David Spaltro’s “Things I Don’t Understand” is a beautiful, funny, and emotional film. Please read my review. Keep your eyes peeled for this one! Spaltro was generous enough to answer a few of my questions about “Things I Don’t Understand”.
Sheila O’Malley: How long was Things I Don’t Understand in the works for you, from writing to completion?
David Spaltro: In some ways it was a 10-year process. In my last year in school [at The School of Visual Artsl] we had to put together our thesis, a short, kind of what you leave school with as a calling card. I had a lot of hard times figuring out what I was going to make as my thesis project, but the idea of the hospice scenes between Sarah and Violet was my original thesis idea. Somebody researching death and somebody who is dying, their conversations. It read more like a play. I was too young to really pull it off so I put it aside.

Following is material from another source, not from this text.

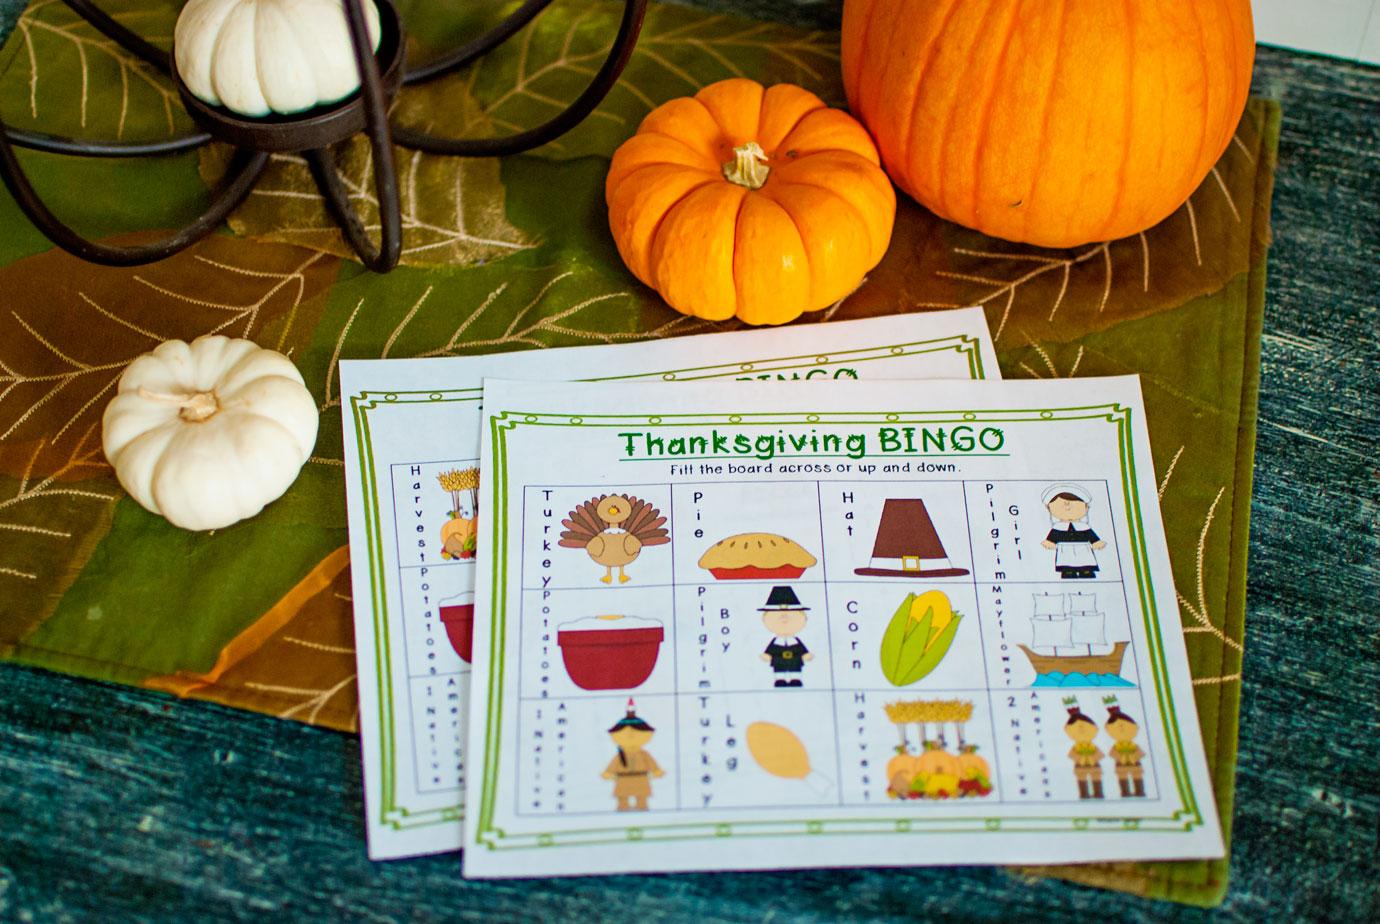 Kids Thanksgiving Bingo Game From TeacherSherpa

“…Around”, David Spaltro’s first film
DS: And after we finished the last film […Around, 2008], there was all this pressure, and it was a hard dark time. I sort of didn’t know what I was going to do next and I stumbled across these pages and I thought, “All right, as a cathartic exercise, no intention for it to be anything or to make another film, for sure – I’m gonna go back to these pages and get this stuff out.” I thought it was going to be this very dark angry nihilistic piece. I found those pages in October 2008 and by the time I finished the first draft in February of 2009 it was a lot more hopeful. It was funny to start with your feelings and ideas and philosophies at 22 [which is] when I first wrote it, and then go back to it four or five years later… and flesh it out with other characters.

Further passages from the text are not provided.